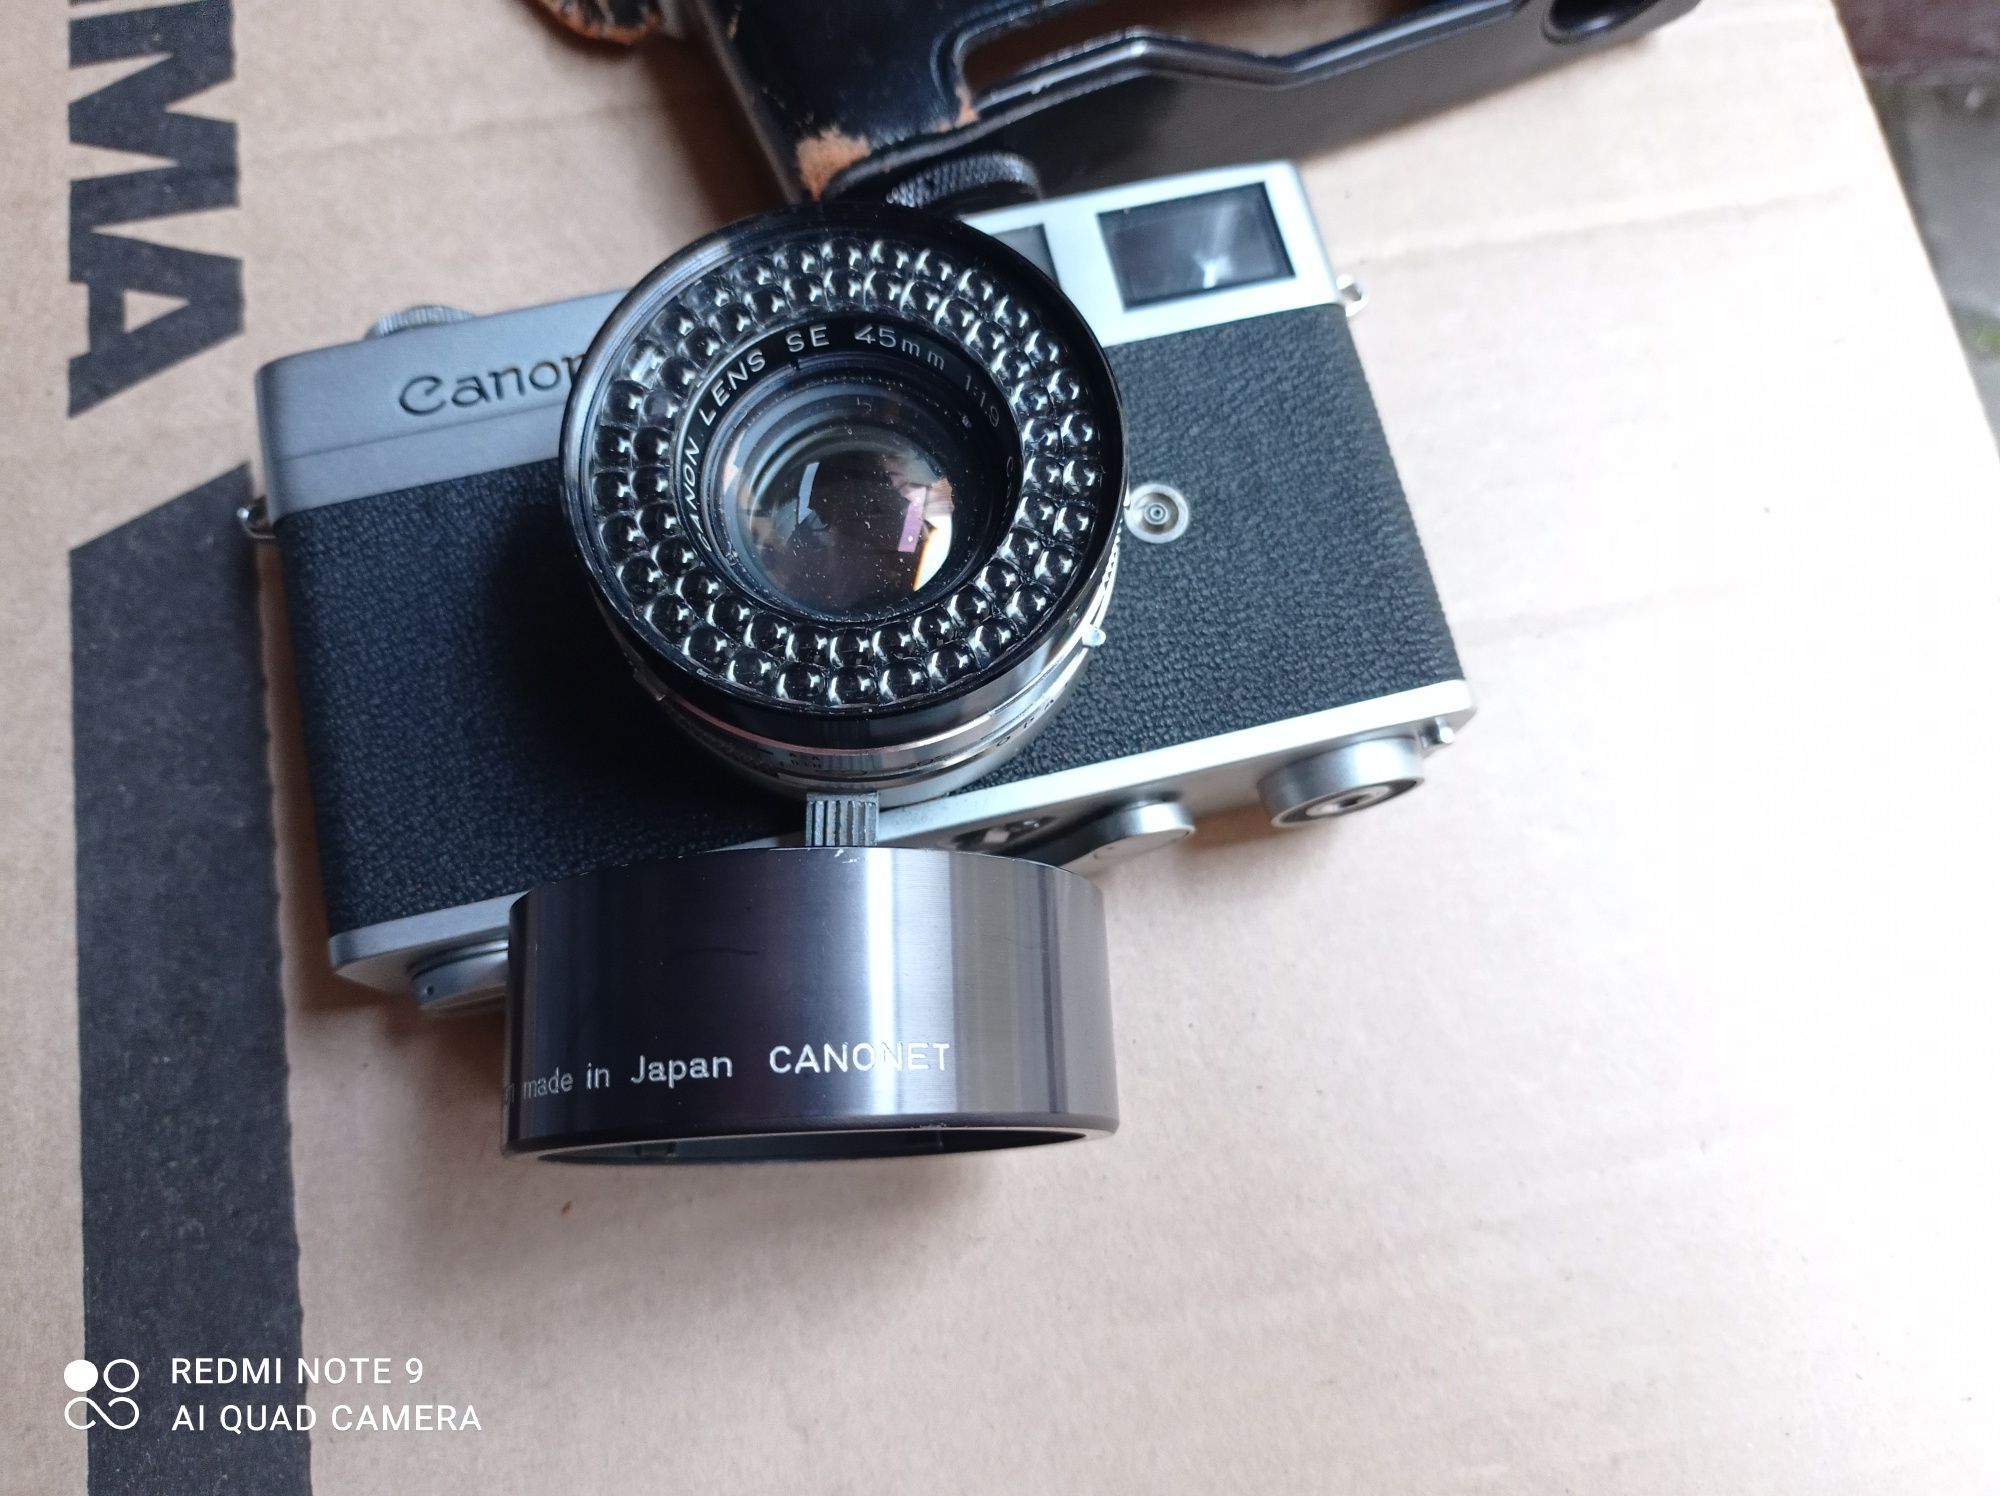 Canon Canonet 45mm, aparat fotograficzny
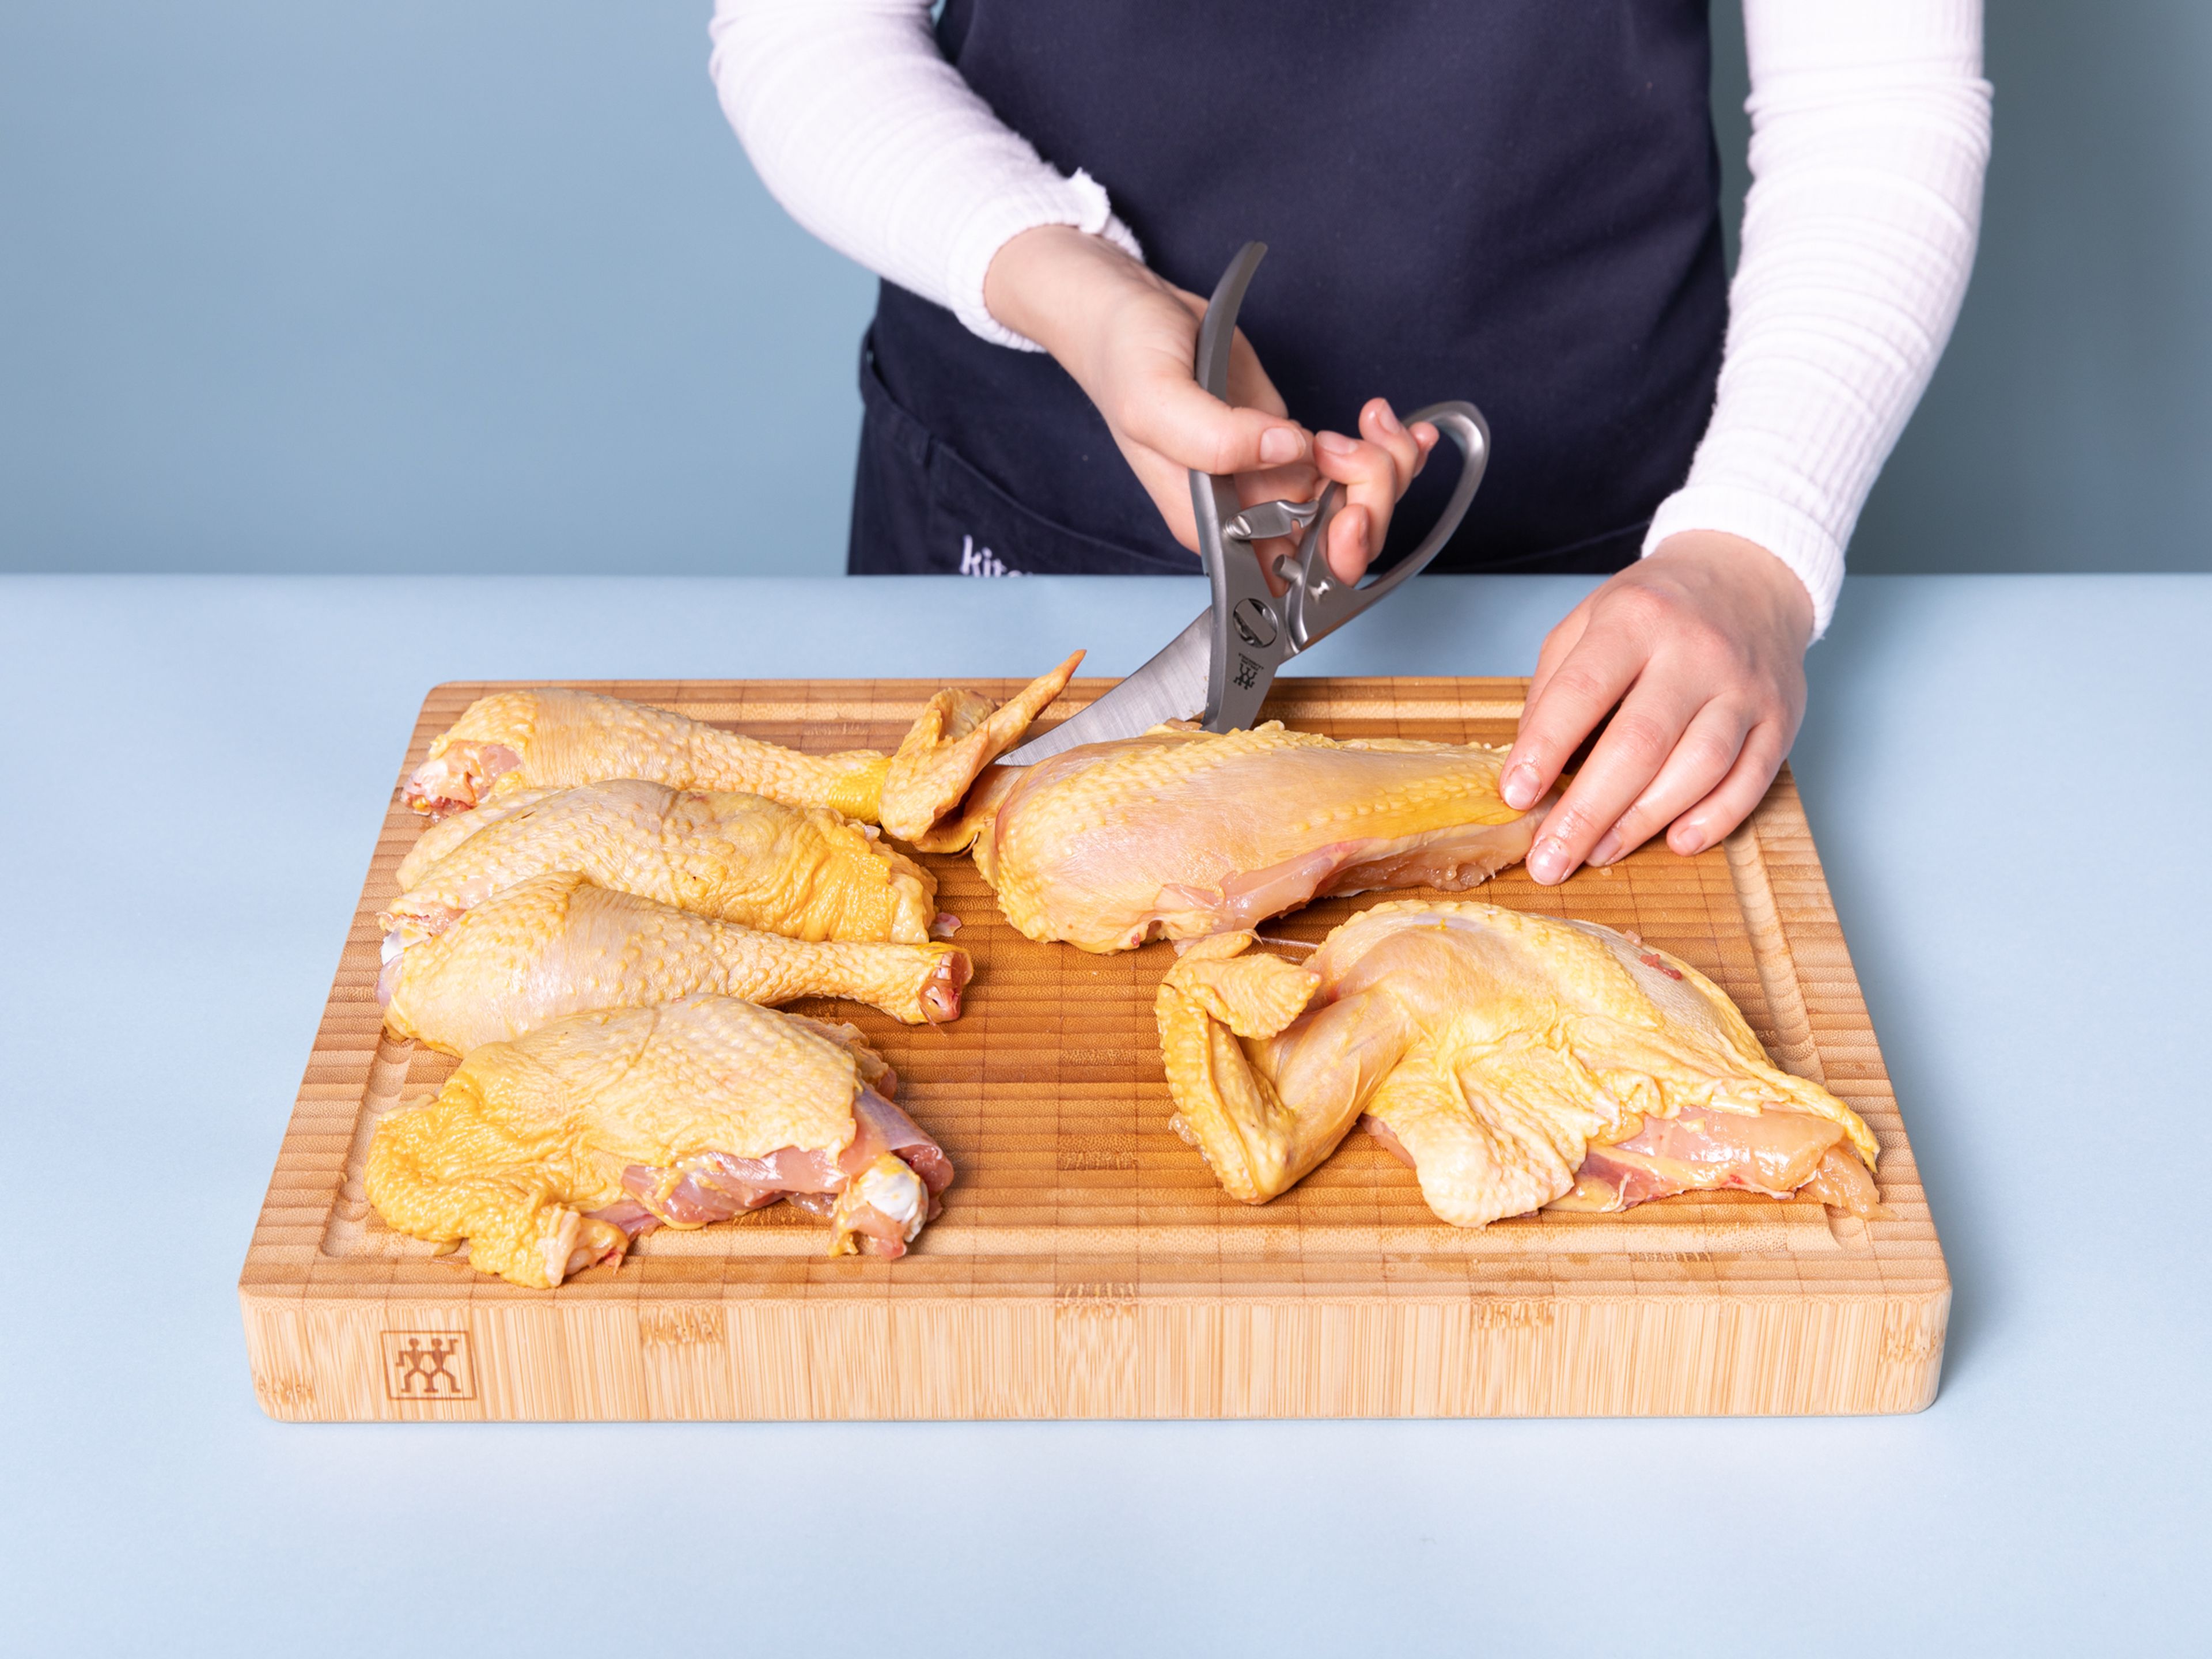 Den Ofen auf auf 200°C vorheizen. Das Huhn mit einer Geflügelschere zerteilen. Hierfür zuerst auf beiden Seiten der Wirbelsäule und dann durch das Brustbein schneiden. Nun die Brust und Beine trennen, dann die Unterschenkel und Schenkel sowie Brust und Flügel. Von allen Seiten gut Salzen und beiseite stellen.
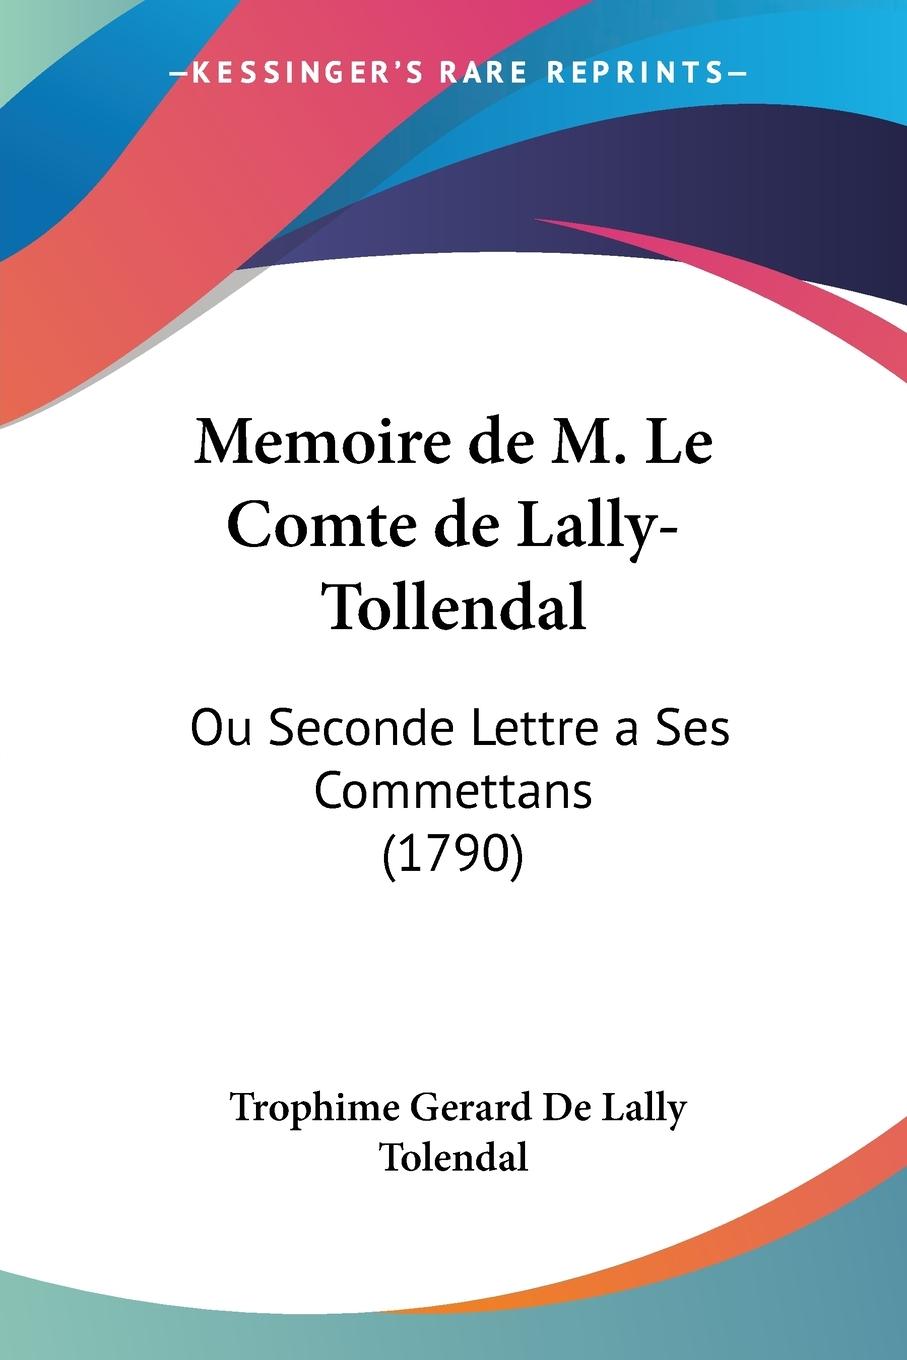 Memoire de M. Le Comte de Lally-Tollendal - De Lally Tolendal, Trophime Gerard
---+---
### Instructions to follow
Would you retype every line shown above exactly, leaving the pictures aside?

### Solution for this task
 Canon Canonet 45mm, aparat fotograficzny
 Den Ofen auf auf 200°C vorheizen. Das Huhn mit einer Geflügelschere zerteilen. Hierfür zuerst auf beiden Seiten der Wirbelsäule und dann durch das Brustbein schneiden. Nun die Brust und Beine trennen, dann die Unterschenkel und Schenkel sowie Brust und Flügel. Von allen Seiten gut Salzen und beiseite stellen.
 Memoire de M. Le Comte de Lally-Tollendal - De Lally Tolendal, Trophime Gerard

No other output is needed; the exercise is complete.